I didn't actually sign up for a teaching career. Like most things in my life, it fell into my lap. My Pell Grant was suddenly cut off, and I was forced to graduate. I spent a summer wondering, "What the hell?" And then I got a call from a college friend. The Intensive English Program needed a warm body to stand in front of a class of international students. "Could you be that body?" I was desperate, so I took the job. I remember buying cheap "professional" clothes from Wal-Mart after I accepted my offer. They (the clothes, not the offer) were (a) too big and (b) so unfashionable even for the time that, if you tagged me in a picture of myself wearing them on Facebook, I'd have to unfriend and then block you (after untagging myself, of course).

The funny thing is no one in my new department wanted to teach writing. Being the n00b, I eventually became the expert in teaching writing to students for whom English was a second language...through experience and gut instinct...not through any sort of training. Sure, I read some articles, tried some stuff, and eventually disposed of it because it didn't really get at the reality of how people learn to write well.

You know, I've been writing since before I could write. I'd pen stories I spoke out loud as I wrote down chicken scratches that I thought looked something like the alphabet. I'd show them to my mother: "Sansy, you'll learn to write soon enough." She was wrong. In first grade, I was not taught to write. I was taught to copy. I was also taught that variation from the norm is forbidden. This set of rules for behavior was known as "penmanship," and it taught me that words ending in -ship are often not trustworthy: hardship, censorship, partisanship (not a real thing), membership (generally leads to responsibilities one does not want), kinship (backstabbing, in-fighting, general carnage), etc. So I took to my granddad's typewriter (a Remington that celebrated it's 92nd birthday in July) and did my own thing sans a fat pencil, a Big Chief tablet, or a template. (I'm going all Lady Gaga and seeing how many times I can work my own nickname into each post. See?). It also taught me that if you really want to learn to do something, you have to take matters into your own hands. That's how I learned to actually write, and it didn't feel soon enough. Even at that young age, I had something to say, I wanted to say it, and I felt like forces were holding me back.

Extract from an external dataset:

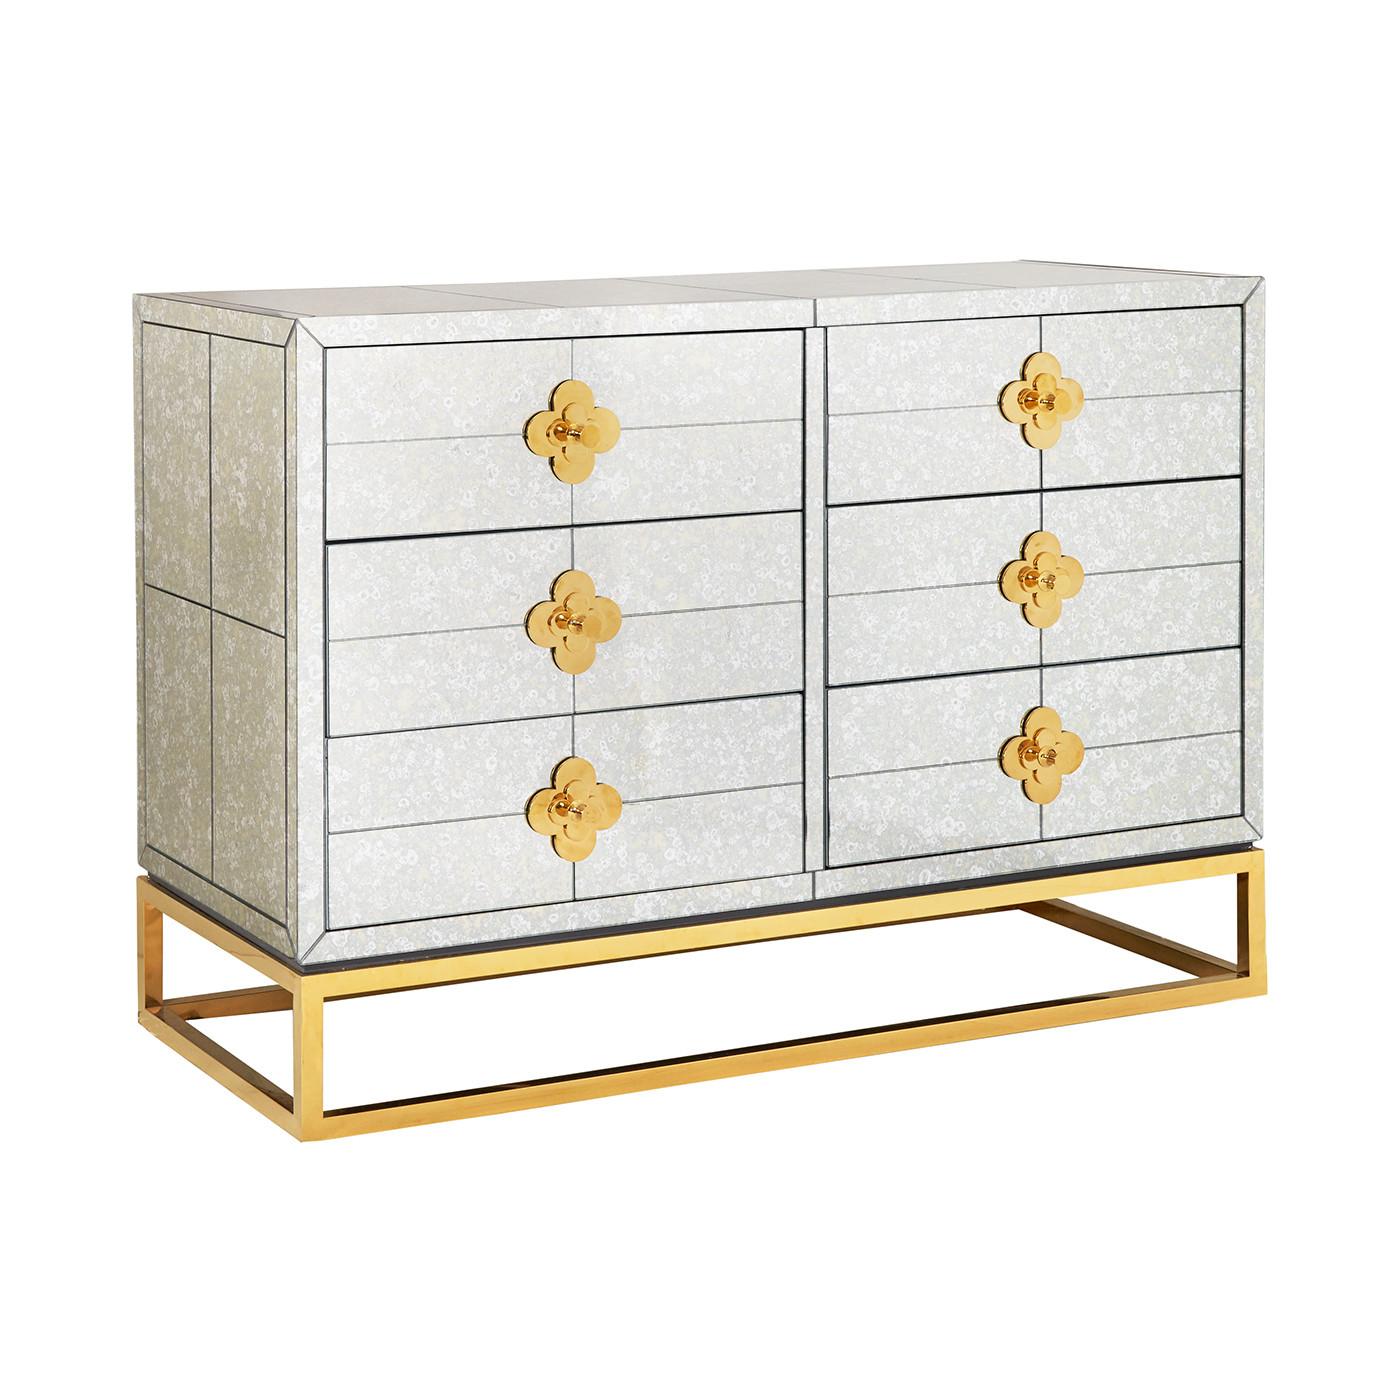 Delphine Six Drawer Dresser

My mom and I discovered, when I was in high school, that the reason I was never assigned homework is because I actually was. I just didn't understand the concept. The teacher would tell the class to read this and fill out that, so I did it when I was bored and waiting for everyone else to catch up with whatever the teacher was droning on about (which I had already read in the textbook). I thought that was what we were supposed to do...keep busy. I didn't know I was supposed to sit there quietly doing nothing while all that homework piled up for us to take home.

My bad.

At least I had glorious afternoons playing in the weird back yard that was designed by a concrete manufacturer in 1884: a reflection pool, a rock garden, an octagonal fish pond with island and bridge, a six-foot high bird bath, a wisteria arbor. Hell, the man even encircled the clothesline with sidewalk. My house was THE place to be after school. And when everyone got called in for supper and I had finished eating, I went to the typewriter.

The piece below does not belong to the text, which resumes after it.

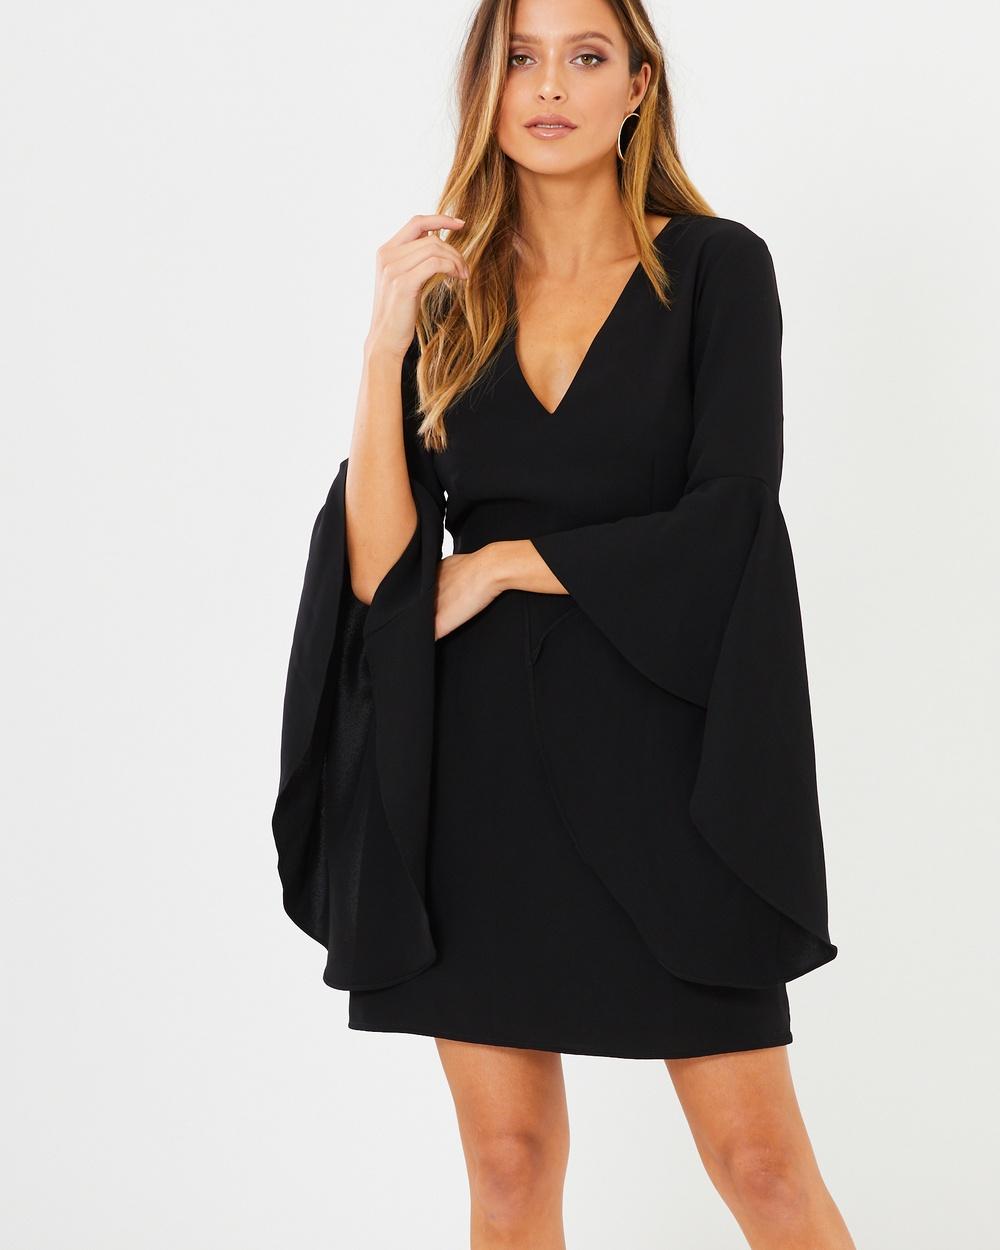 Photo of Tussah Black Rosanne Mini Dress - beautiful dress from Tussah online

One day, in fifth grade, I ran out of homework to not take home. So I wrote a poem about what was going on in the classroom. I observed things I had never noticed before; it made me pay attention (I even made it rhyme, and, yeah, I know, "E Gad!"). I copied it, by hand (I didn't have access to the lovely pasty smell of the ditto machine) and gave it to my teacher as a sort of present. She gave it to the school secretary, and thus I became a published author for the first time...in the school newsletter. Later that year, I was given an assignment to write a biography about someone famous (good grief, why do these subjects withstand the test of time?). I naturally wrote an essay about one of my ancestors, Benjamin Franklin, whom my dad was named after, and I got the highest grade of anyone for that assignment. I was only interested in my subject because my dad had studied Ben's life backwards and forwards, in all its tarnished glory, and had regaled me with the more kid-friendly of our progenitor's exploits. After I had written the paper, I asked my dad to check it. I don't know if he was laughing at my naivete or with joy that he had taught me something. Probably both. At any rate, he kindly and verbally corrected some parts and told me how proud he was of me. Through so many experiences like these, I learned the power of observation and that I was a WRITER.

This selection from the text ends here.